# Nice GSD



## will fernandez (May 17, 2006)

Found this video of a 
nice dog that could probably do any program.


http://youtu.be/imkdaT_ObfY


----------



## David Frost (Mar 29, 2006)

I would have been a lot more impressed if, when the helper let the dog have the sleeve in the blind, the dog would have spit the sleeve and reengaged. Instead he ran back to the handler. It was all a game.

DFrost


----------



## will fernandez (May 17, 2006)

I think he could be taught how to be a little more serious.


----------



## Jeff Oehlsen (Apr 7, 2006)

If you ever get around to training a sport dog, you will find that unless there is something really wrong with the dog, they all run back to the handler. You do things too many times for the dog to be dead serious all the time. They figure it out. You will see them do stupid shit like that around 6 months. LOL

I had to keep an eye on Esko at that age, he would see me fumbling with the leash and take off to re-engage Kevin. Cute, but worthless in sport. However, it is there, and most dogs won't even try to do that at that age.


----------



## brad robert (Nov 26, 2008)

one of the nicer long attacks on a gsd i have seen in a little while.


----------



## James Degale (Jan 9, 2009)

David Frost said:


> I would have been a lot more impressed if, when the helper let the dog have the sleeve in the blind, the dog would have spit the sleeve and reengaged. Instead he ran back to the handler. It was all a game.
> 
> DFrost



This is a dog trained in sport, doing sport. Spitting out the sleeve and going for the helper is not acceptable or safe behaviour on the training field. If the dog's job is patrol, OF COURSE he would be trained differently and accordingly. 

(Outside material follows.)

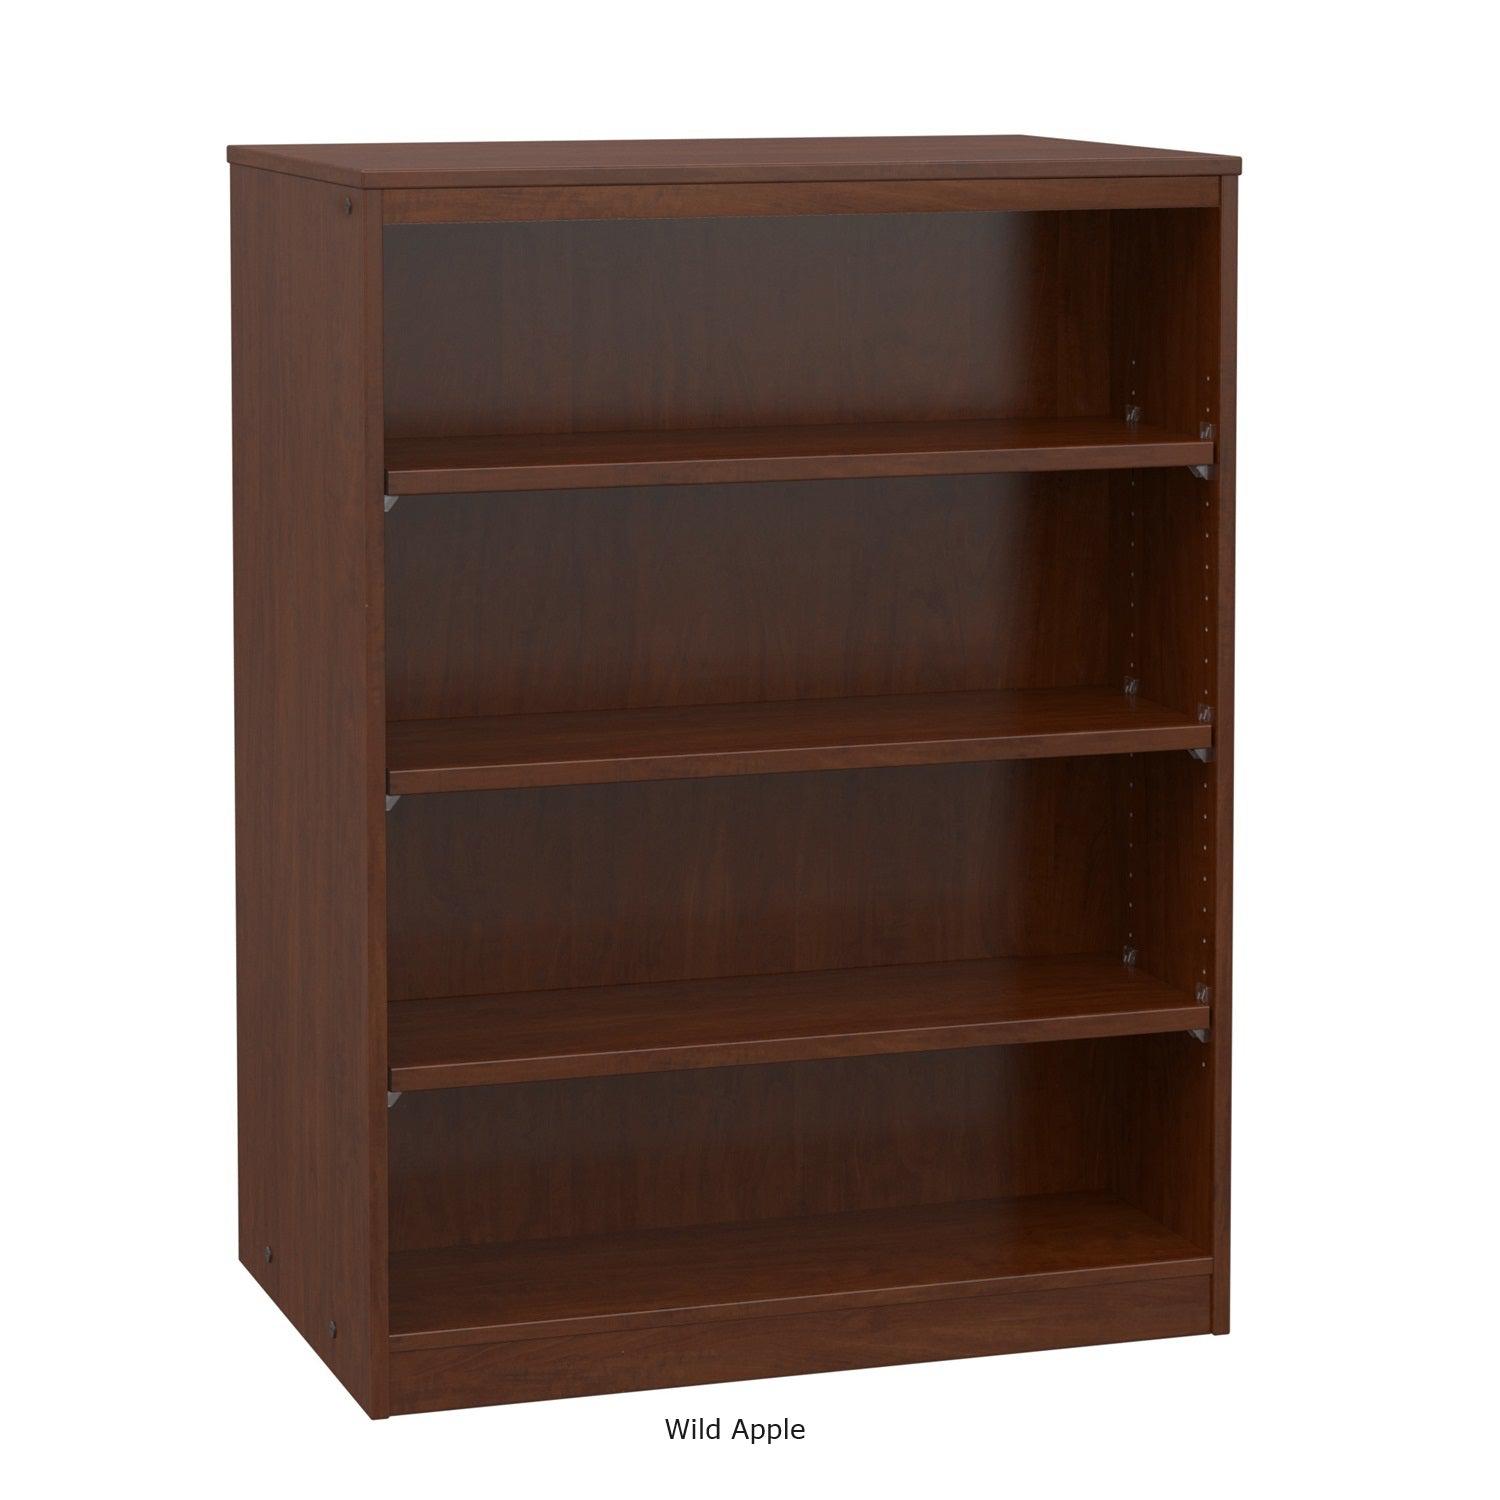 Double Sided 10-Shelf Bookcase with 6 Adjustable Shelves, 48" High

If I were converting him to patrol, with a good dog like that it would take me less than a week to have him solidly redirected to the helper after a win. 

Basco the brother is also a good dog who could easily do patrol work.


----------



## Shane Woodlief (Sep 9, 2009)

James Degale said:


> This is a dog trained in sport, doing sport. Spitting out the sleeve and going for the helper is not acceptable or safe behaviour on the training field. If the dog's job is patrol, OF COURSE he would be trained differently and accordingly.
> 
> If I were converting him to patrol, with a good dog like that it would take me less than a week to have him solidly redirected to the helper after a win.
> 
> Basco the brother is also a good dog who could easily do patrol work.


James I am going to disagree with you and agree with David. James the aproach you are advocating would seem IMO to produces a sleeve happy dog. I want my dog to engage the helper and if he spits the sleeve to immediately refocus on the helper. I believe that kind of dog should show better in trial and be rewarded by the judge over against the sleeve happy dog prey barking in the blind playing a game. Again just my opinion.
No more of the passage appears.